Roomba · 17/02/2019 17:52

My grandfather (born 1911) was one of 11. He was very intelligent and passed the entrance exam for the local grammar school. But his parents couldn't afford the uniform, so he went to the other school, got a part time job in a timber yard, then left school altogether at 14 to work full time as his family needed the money.

My grandmother had a brother who was 'slow'. He helped out in my aunt's shop to keep him busy and out of trouble, but feeding him and clothing him as an adult had a big impact on the family finances when he would otherwise have been out earning a wage and contributing. A cousin had a similar condition but more severely - he was put into a home as a small child and they were encouraged to forget about him and move on. I know my grandmother was very involved in her church and would take food parcels, clothes and coal round to parishioners who had nothing. They were usually very ashamed of taking the help offered but had no other choice.

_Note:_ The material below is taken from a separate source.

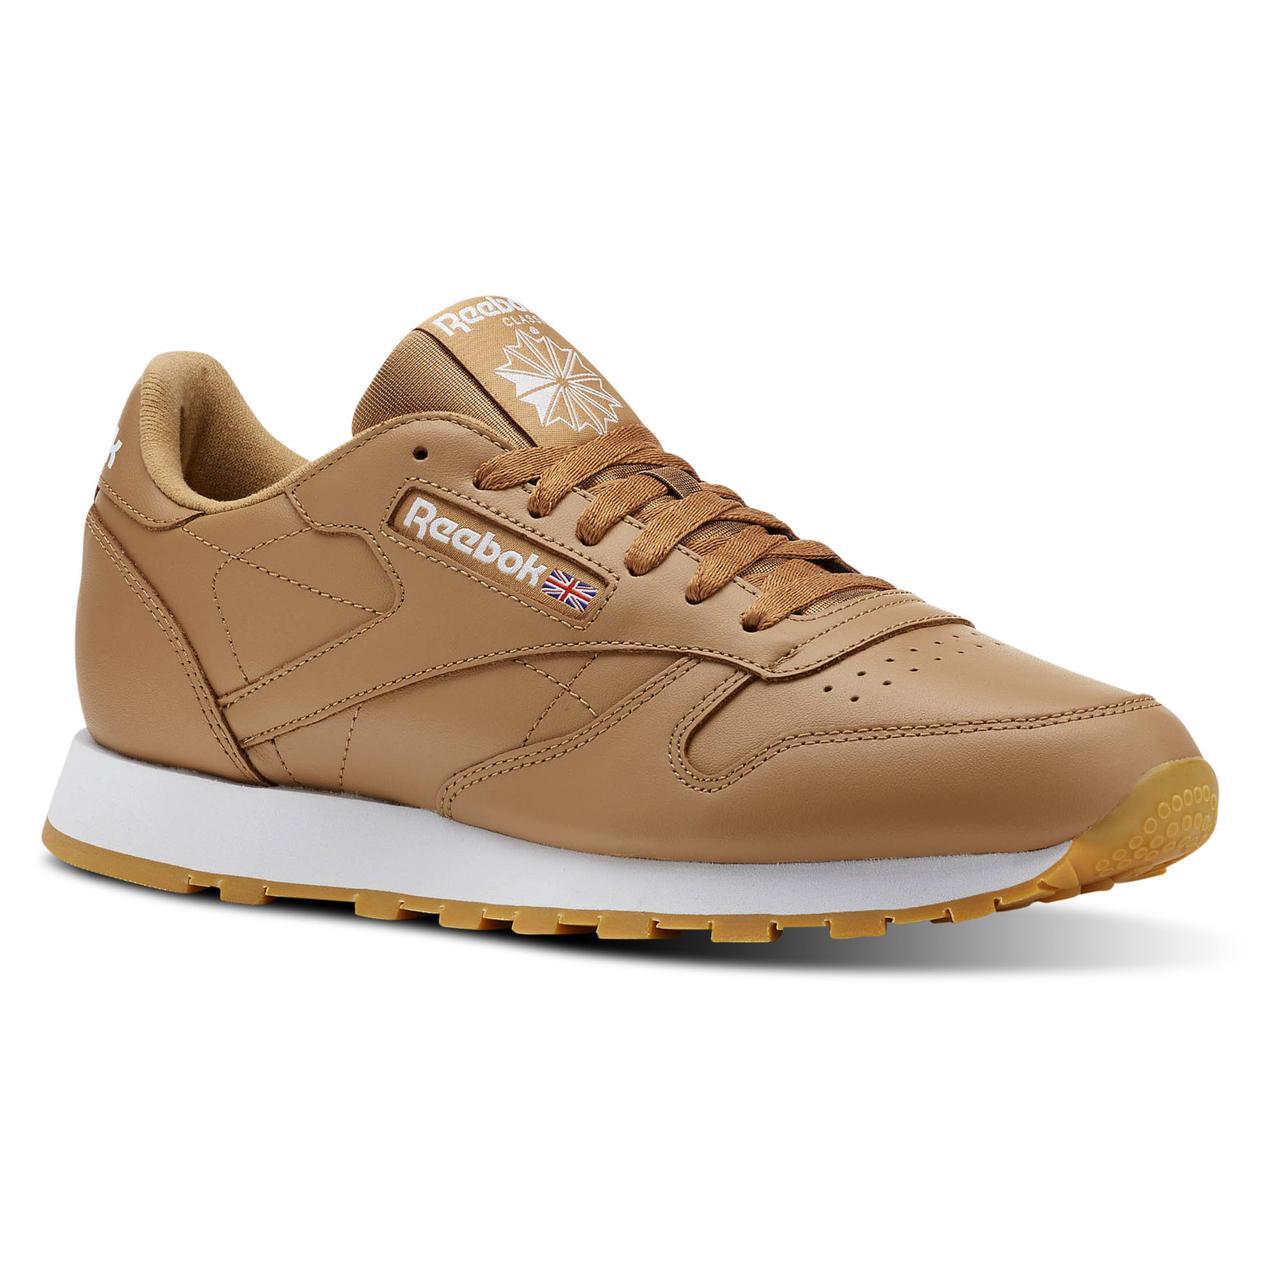 Мужские кроссовки Reebok Classic Leather (Артикул: CN5768)

My grandparents had a baby boy who had a cleft palate. He failed to thrive, struggled to feed and died at six months old during the winter of 1947. After a few weeks no one spoke to her about him again and if she brought him up she was pushed to 'move on' and have more babies.

When I researched the history of my house (in the same family for 100+ years before I bought it) I discovered that eleven people were living in my two bedroomed house in 1901. A couple, their seven children and a set of grandparents. Where on earth did they all sleep? And this was before the kitchen and bathroom extension was added!

CherryPavlova · 17/02/2019 17:55

Infant mortality is being overstated. Huge rise due to Spanish flu post WW1 but even then it was about 8 in a 100 under a year and about 4 in a hundred under 5. From about 1950 the death rate had already plummeted to around 2 per 100 live births. Most children did reach adulthood in the UK.

Alsohuman · 17/02/2019 17:59

Looks as if my great grandma was very unlucky then, she lost eight out of 15. My grandma lost two of her four.

Yesicancancan · 17/02/2019 17:59

My aunt was looking after baby siblings from a young age so granny could work. Everyone helped out, expectation was a lot lower. Family life was closer and more interdependent.